While half of the organization of Christian saints clamor to preach a message of the fulfillment of Judaism, with the human sacrifice of Jesus Christ, and the other fifty percent portray the Nazarene as soft on sin and heavy on compassion, it occasionally might be a good idea to take the available reference material we possess to get a more thorough picture of how Jesus thought, felt and lived.
There were many broken people in his life–no doubt about it. Also, it’s irrefutable that he did die on the cross, and it has become our salvation.
But for the purpose of progressing the Christian message, we must claim the mind of Christ, not just the theology. It begins with understanding his approach: blind men, prostitutes, demon-possessed souls, lepers and probably a lot of manic-depressives came to Jesus and received a touch of healing.
Yet none of them ended up in his traveling troupe. Jesus did not turn his kingdom of God on Earth into a nursing home, mental hospital or rehab center. Although he brought great benefit to the lives of many souls, his practice was to send them back to their home towns–to assimilate and offer up the story of their transformation as evidence of the goodness of God.
Even though a demon-possessed man who had just been set free came to his boat and begged him to join the band, Jesus sent him away.
It sends a message to the church today. We spend too much time adjusting our programs, the temperature in the sanctuary and our vision to those who are needy, hurt and emotionally challenged, instead of encouraging working folks, entrepreneurs, artists and inventors to come into the body to leaven the lump.
A quick look at the twelve disciples will tell you that you had four working fishermen, one tax collector, two followers that came over from the ministry of John the Baptist, one zealot, a pair of brothers who were tradesmen, a Judean and Thomas, who most people believe bounced between the ministry of John and a little fishing himself.

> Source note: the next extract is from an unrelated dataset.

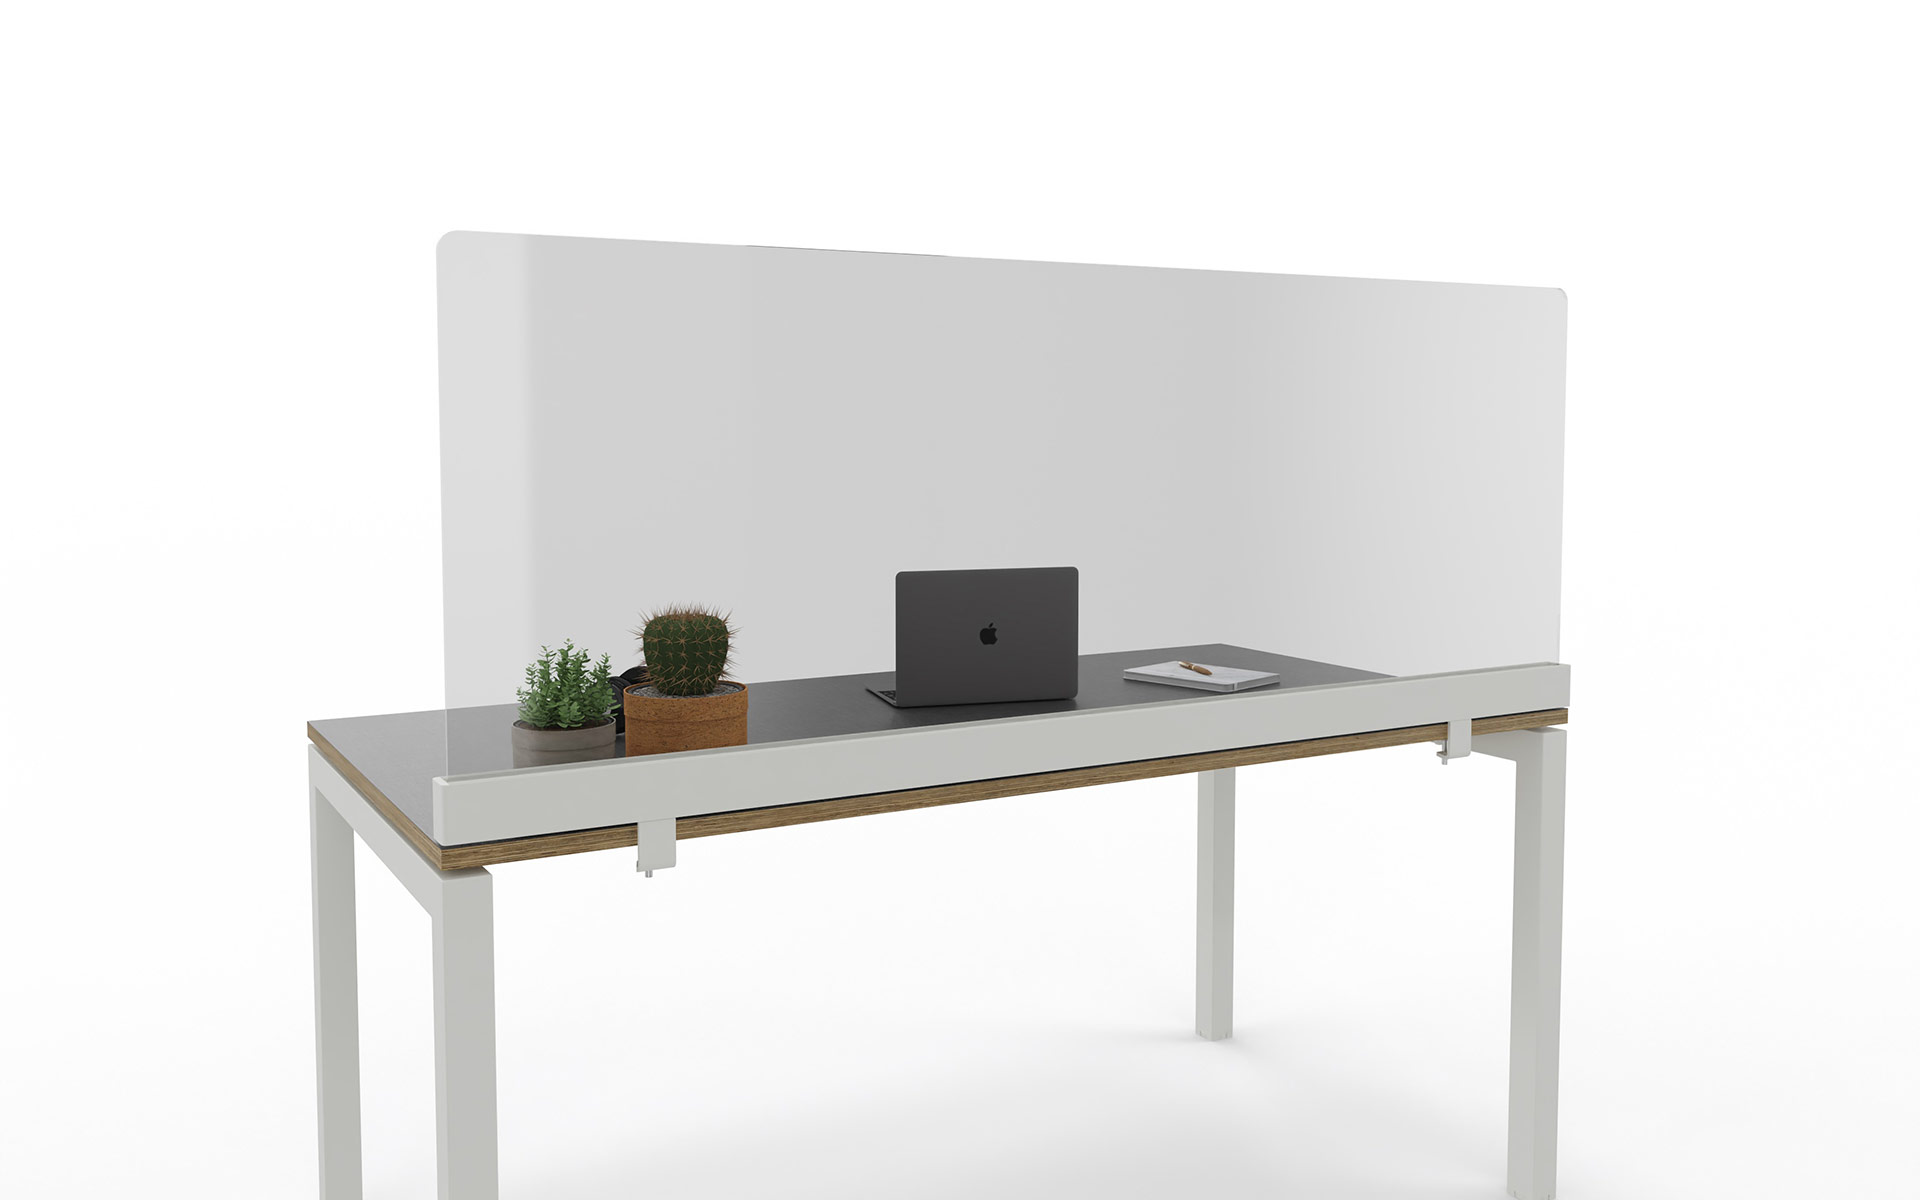 Magnuson Group’s NEW PORT HIGH Desk Partition

But anyone who believes that Jesus was just a human sacrifice is errant. And anyone who contends that Jesus was all-forgiving, looking for the next loser to turn into a winner, would also be completely out of line with the narrative.
If you want to build a work, you teach healthy people how to help the unhealthy, not harbor unhealthy people, hoping they will draw in the healthy.
The Christian church today is possessed by either an overabundance of zeal towards charity, or a greed towards prosperity. So we minister to the fringes instead the heart of mankind.
To minister to the heart of mankind, you have to understand what a fisherman is really looking for.